The pigmented areas discrete from the malignant melanoma in our case were associated with pigmented cells in the seromucinous glands. Most prior studies have not described pigmented cells in the seromucous glands as seen in our case [15-21]. The luminal lining cells contained not only melanin pigment (positive Fontana-Masson reaction) but also were immunoreactive for HMB-45, S-100 protein and melan A suggesting the production of melanin in these cells. Earlier reports of melanotic oncocytic metaplasia demonstrated melanin pigment in the seromucinous glands but the cells were HMB-45 negative [1]. This finding suggested that the melanin pigment may only have been phagocytized by the oncocytic epithelium rather than produced in these cells. The precise site of origin for the melanoma in our patient is unclear because of the destructive nature of the neoplasm. However, the melanoma may have arisen within the mucosa or the seromucinous glands. Our case differs in several ways from prior reports of melanocytic oncocytic metaplasia. While two prior reports and our case had melan pigment within glandular epithelum, our case was positive for HMB-45 and melan A while the others were not. Additionally, the prior reports of melanotic oncocytic metaplasia occurred in Asian men [1,2] our patient was a Caucasian man. Finally, the seromucinous glands in our case did not show oncocytic change.

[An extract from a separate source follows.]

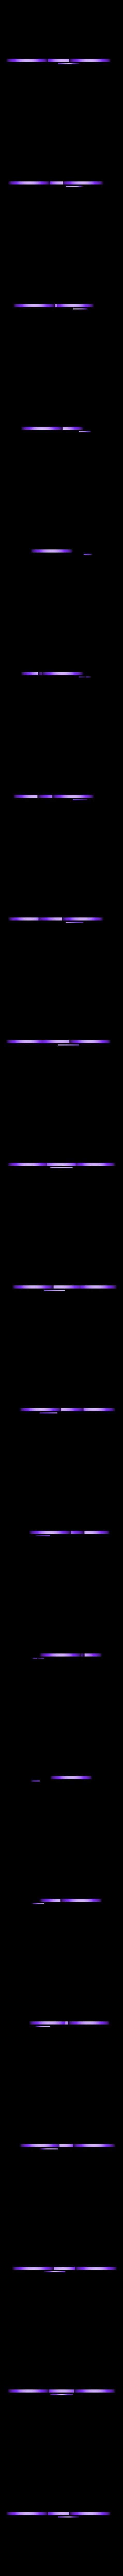 book_worm_black.STL Download free STL file Muli-color Bookworm Bookmark • Design to 3D print, MosaicManufacturing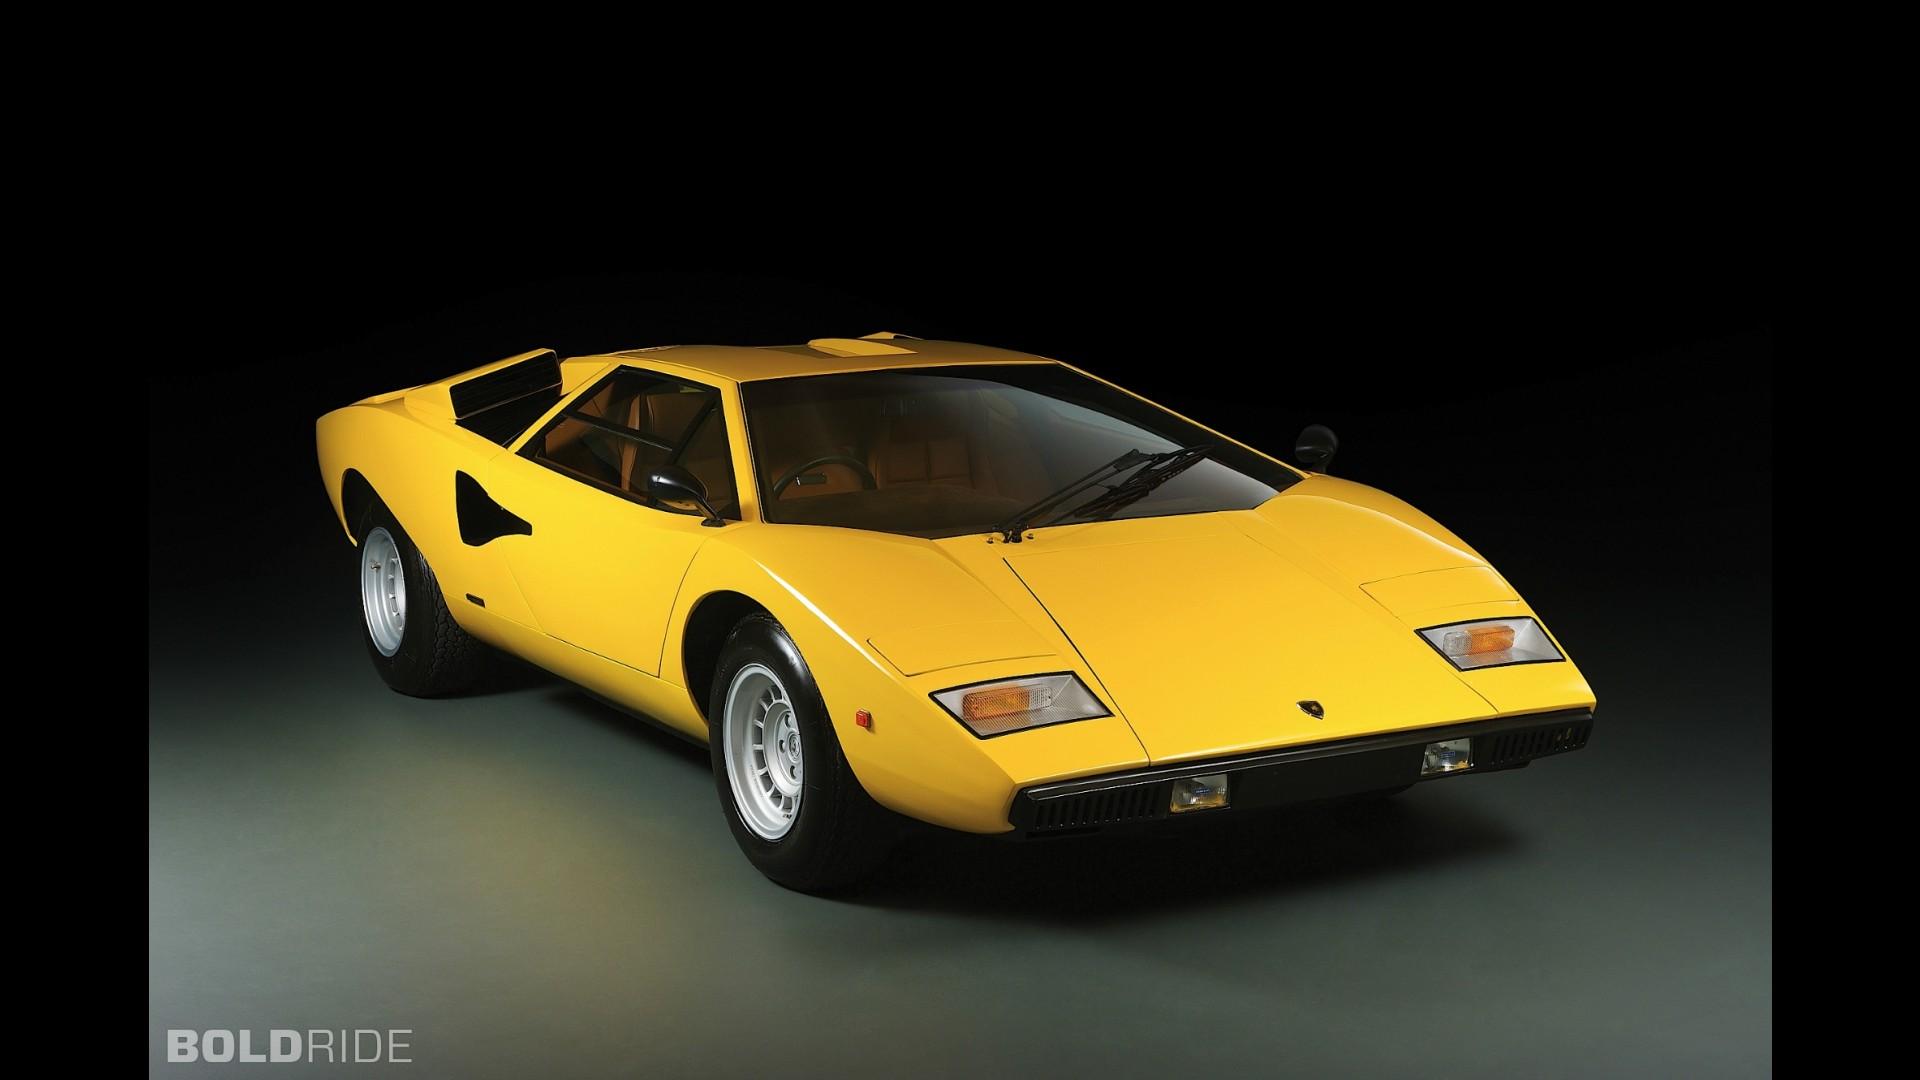 Used Lamborghini Countach Cars For Sale With Pistonheads 10

Our case confirms previous reports in that malignant melanoma may arise primarily within the nasal mucosa and that some of these melanomas may be associated with mucosal or sinonasal gland pigmentary disorders. Our case supports the suggestion by McClennan and Shivas that mucous or sinonasal glands can take part in a widespread activation of junctional melanocytes associated with melanoma [14]. As in prior cases, nasal melanoma may present as epistaxis or nasal obstruction. The malignancy risk for nasal pigmentation remains unknown and will require further studies to establish risk statistics.